The recently passed tax law in New Jersey affected corporations (both ”C” and “S”) and partnerships. The following are excerpts from the law which affect most taxpayers.

Alternative Minimum Tax. Corporations (other than S corporations, professional corporations, investments companies and co-ops) are now required to calculate two annual taxes: the traditional corporation business tax (“CBT”) and the new alternative minimum tax assessment (“AMA”) The must pay the larger of the two.

The AMA is a sliding-scale tax that is applied against the amount of a company’s gross receipts or its gross profits—the company is allowed to choose whichever one it prefers, but once the choice is made, it must continue with that choice for a total of five consecutive years.
The first $2,000,000 in gross receipts and the first $1,000,000 in gross profits are exempt under the AMA. More elaborate limits apply for affiliated groups of companies.

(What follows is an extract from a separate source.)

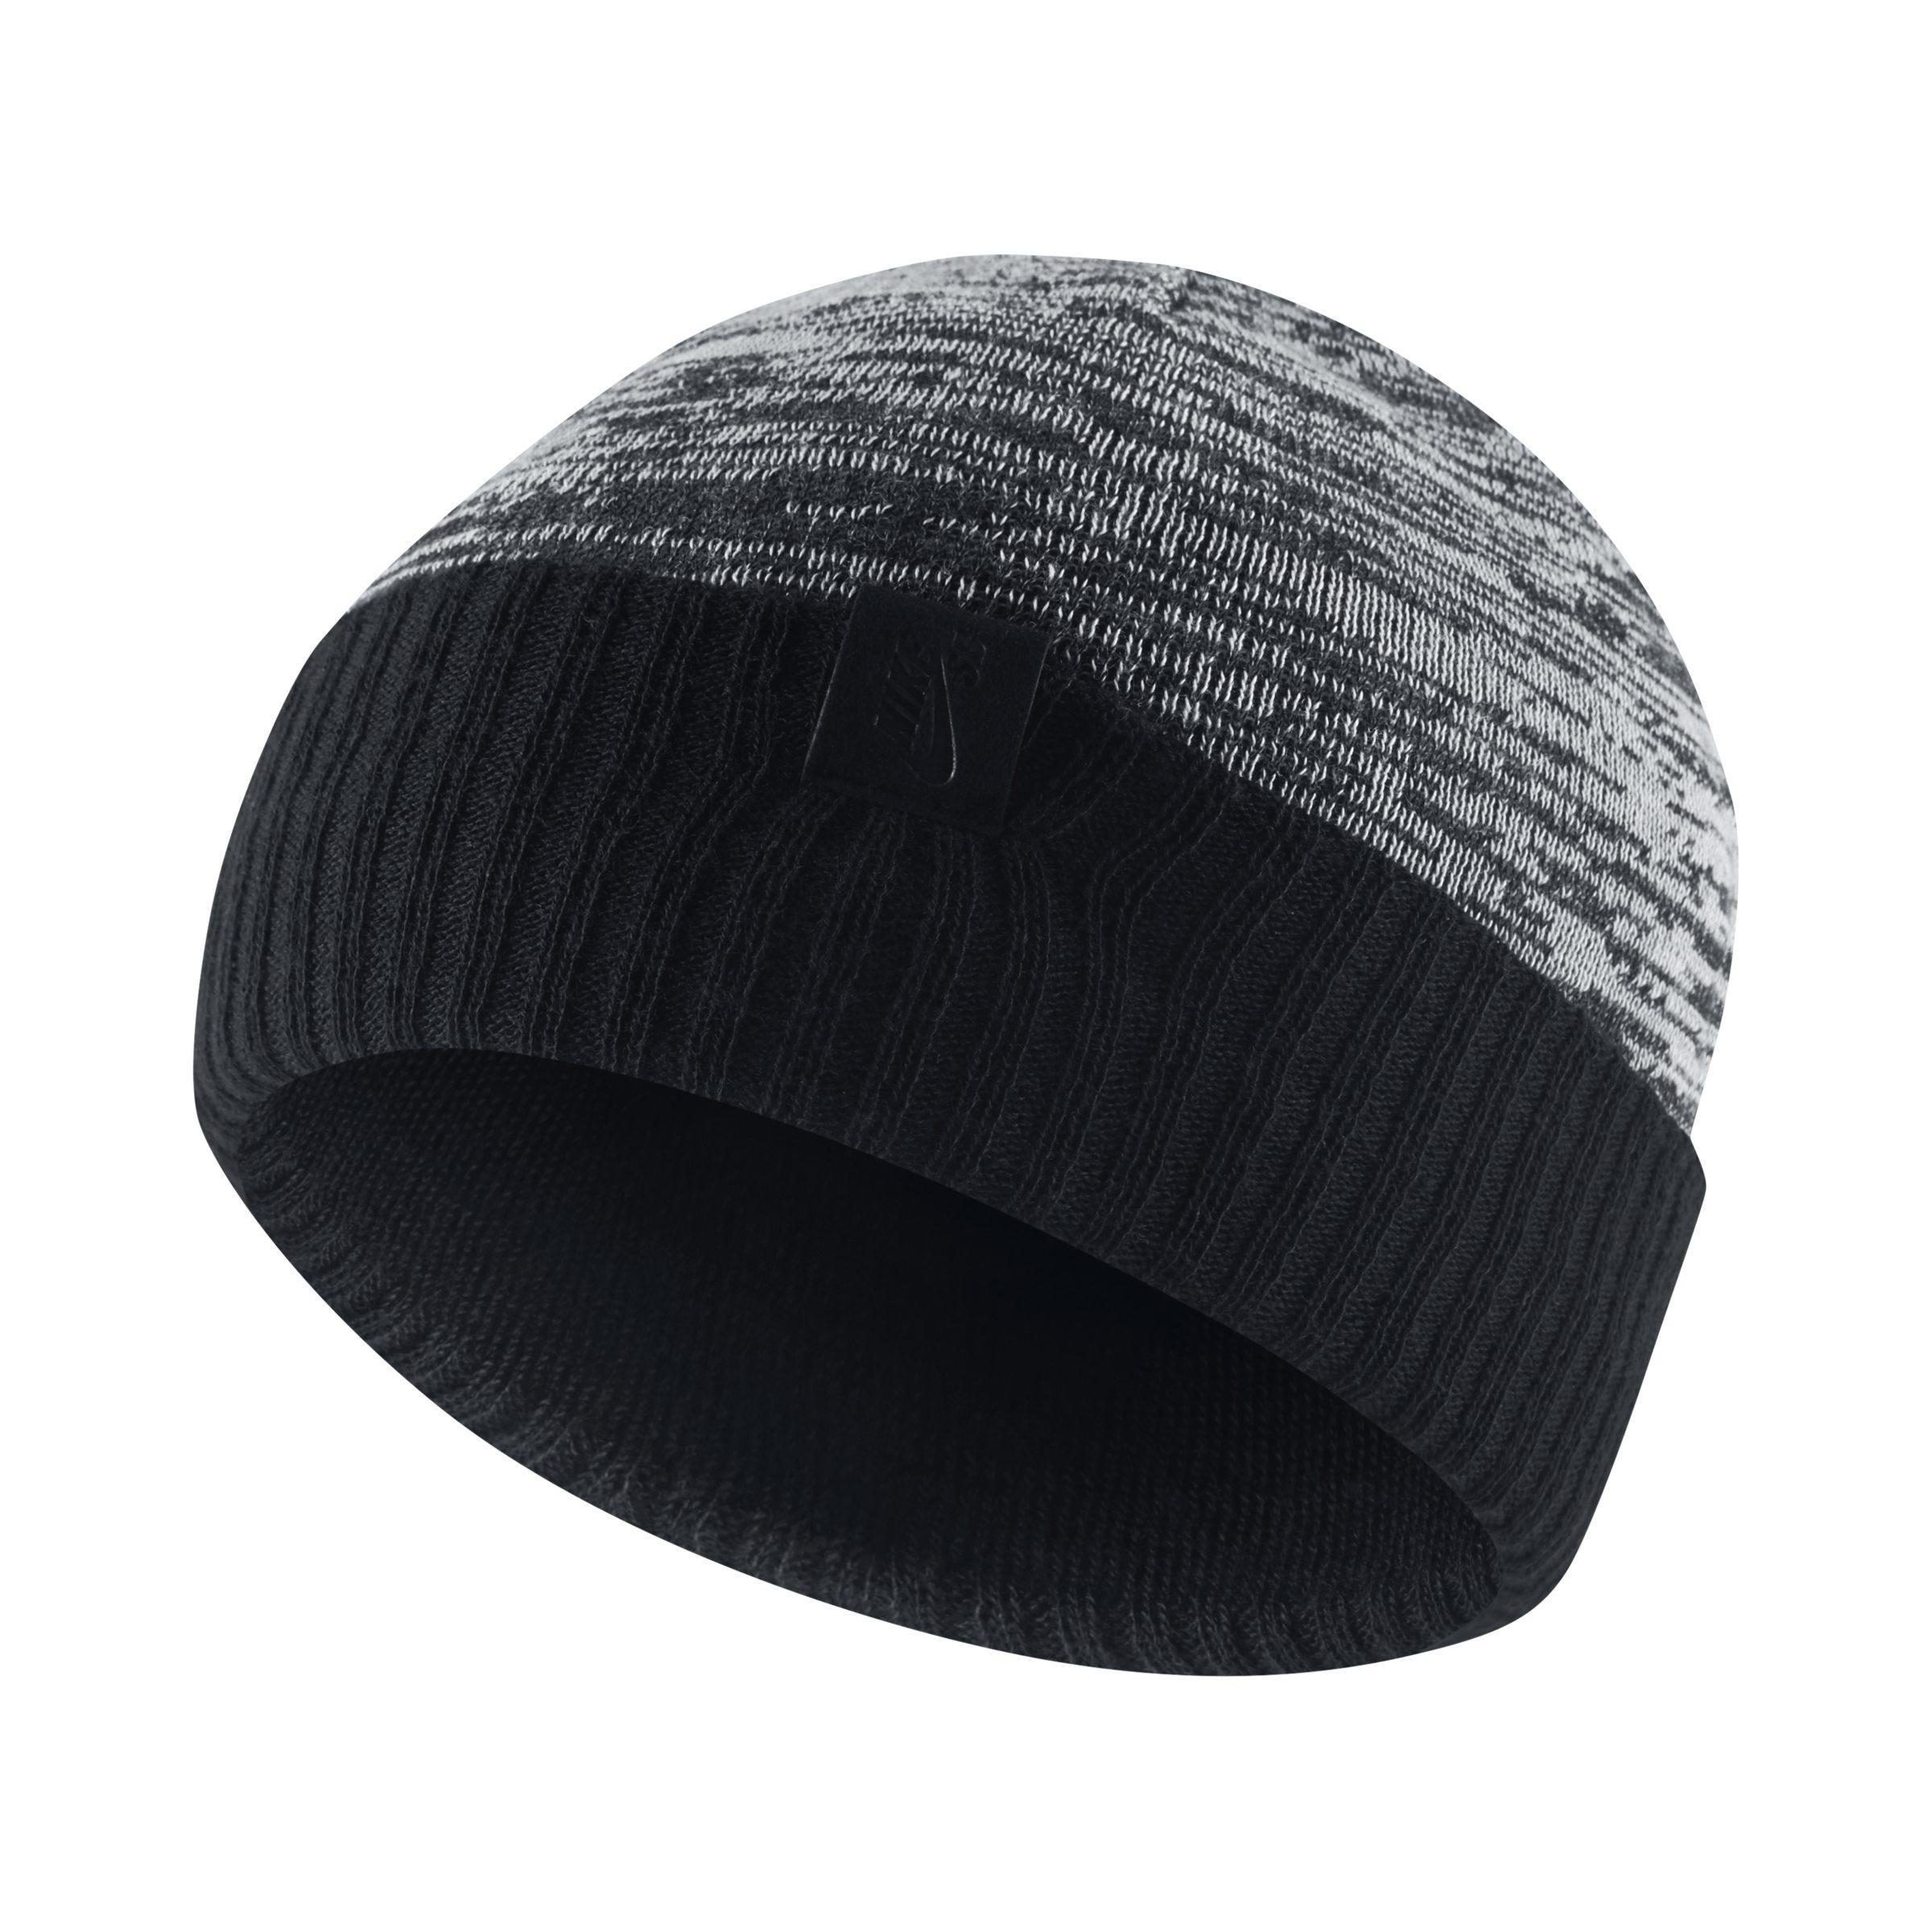 111058f9 Nike Sb Skate Beanie in Black - Lyst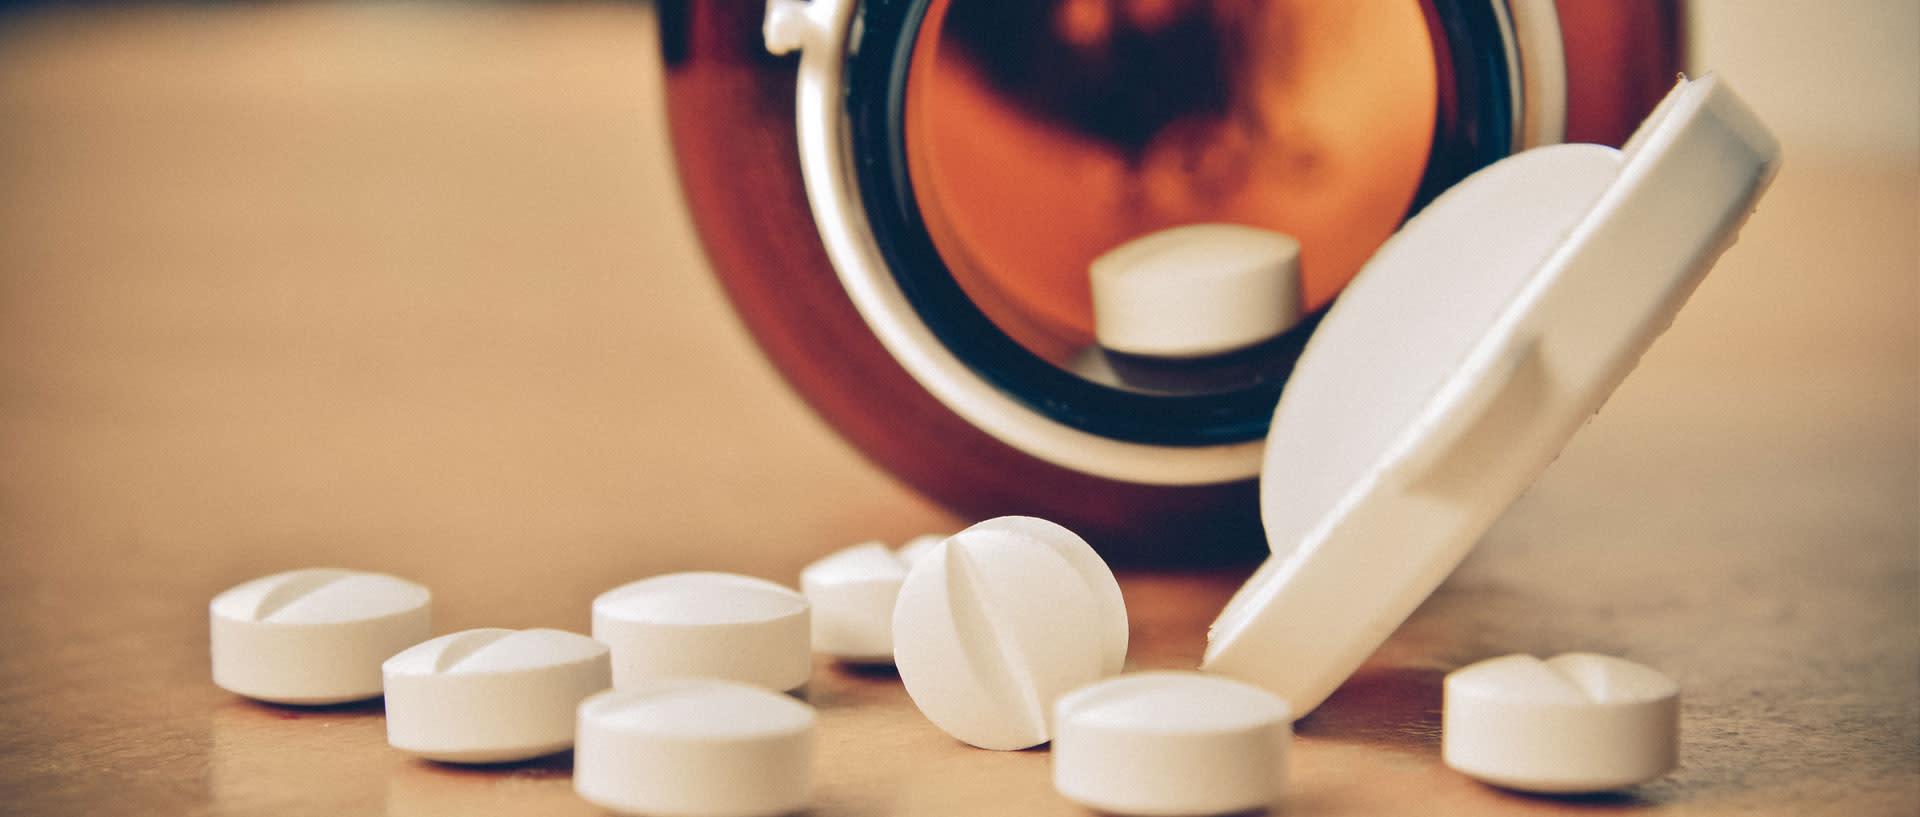 Should I Take A Daily Aspirin To Prevent Colon Cancer

If the AMA exceeds the CBT, the company must pay the AMA instead of the CBT. The excess of the AMA over the CBT constitutes a credit that may be carried forward to reduce the CBT liability in a future year.

The AMA applies to tax years beginning on or after January 1, 2002, and is set to expire for tax years beginning after June 30, 2006.

Increased Minimum Tax. The minimum tax that all corporations must pay each year has been increased from $210 to $500 for tax year 2002 and thereafter, except for corporations that are members of affiliated or controlled groups with total payrolls of $5,000,000 or more, whose minimum tax will be $2,000.

A New Tax on Partnerships and Professional Corporations. All entities which are classified as partnerships for federal income tax purposes (e.g., partnerships, limited liability companies and limited liability partnerships), which derive income from New Jersey sources and which have more than two owners are now subject to an annual “filing fee” of $150 for each owner of an interest in the entity, up to a maximum of $250,000.

The Act establishes a similar filing fee of $150 per licensed professional for professional corporations with more than two licensed professionals. This fee is also capped at $250,000.

Partnerships and Their Nonresident Partners. The new law imposes a tax on all partnerships other than those listed on a national stock exchange. It’s New Jersey’s way of collecting taxes from nonresident corporate partners.

The amount withheld is allowed as a credit on the nonresidents’ New Jersey tax returns.

Tax Cut for Small Businesses. Prior to the new law, the tax rate for corporations with net incomes of $100,000 or less was 7.5% of entire net income (corporations with net incomes greater than $100,000 were and continue to be taxed at the traditional 9% rate). Under the Act, corporations whose entire net incomes are $50,000 or less will be taxed at a 6.5% rate.

Tax Rates on S Corporations. The tax on the income of S corporations was being phased out. The rate in effect for years ending on or after July 1, 2002 was .67% and for years ending on or after July 1, 2003, there was to be no tax at all.

That’s changed. For years ending on or before June 30, 2006, the rate will be 1.33%; for years ending on or after July 1, 2006 but on or before June 30, 2007, the rate will be .67%; and for years ending on or after July 1, 2007, there will be no tax.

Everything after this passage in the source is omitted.